Tuesday, October 23, 2018

HR 7076 Introduced – Electronically Controlled Breaks

Last week Rep. Herrera-Beutler introduced HR 7076, the Oil and Flammable Material Rail Transportation Safety Act. The bill would require DOT’s Pipeline and Hazardous Material Safety Administration (PHMSA) to re-instate 49 CFR 174.310 requirements for electronically controlled pneumatic (ECP) brakes on high-hazard flammable unit trains (HHFUT) operating in excess of 30-mph.

Those ECP requirements were removed by PHMSA in a final rule on September 25th, 2018. That action was required by Congress in §7311 of the FAST Act (PL 114-94, 129 Stat. 1601) after PHMSA published the new regulatory impact analysis (RIA) (.PDF Download) required by that act that showed that the costs of the ECP requirement significantly outweighed the benefits (see pgs 78-9 of the RIA).

Section 2 of the bill would nullify that rulemaking and return the ECP brake requirements to §174.310.

Moving Forward

Herrera-Beutler is not a member of the House Transportation and Infrastructure Committee to which this bill was assigned for consideration.
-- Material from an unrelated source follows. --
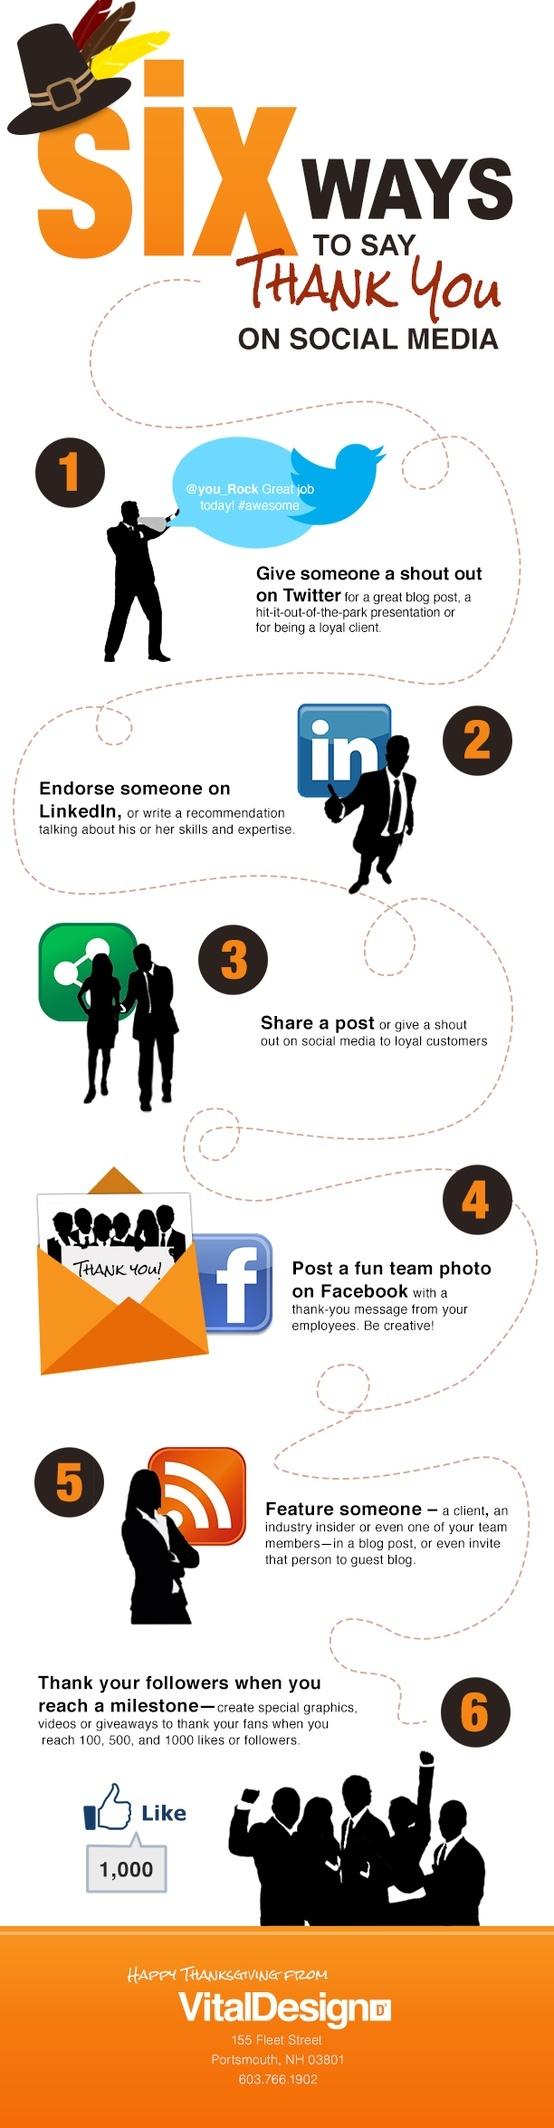 Sosyal Medyada Teşekkür Etmenin 6 Yolu

This means that she is unlikely to have the influence necessary to have the bill considered in Committee.

There would be significant railroad opposition to this bill which means that it would likely draw major opposition in Committee and on the floor of the House if it were to make it that far. The bill is extremely unlikely to be considered in the 115th Congress and would not pass if it were.


This is an unusual bill to be proposed by a Republican, but her district is well known for its concern about the oil trains moving through the area, so the bill makes good sense from a campaign perspective in that district. I doubt that there is any downside in corporate support because of the introduction of this measure since the railroads would certainly understand that this bill will not go anywhere in this Congress.

1 comment:

Unknown said...

Before any further consideration is made for ECP brakes for flammable unit trains, someone should do a little testing to see how much effect that this braking system will have on product surge within the tank cars. It sounds nice that the unit train would be able to stop quicker, but testing really needs to be performed to see if product surge has a more detramental effect to the train it stops so quickly.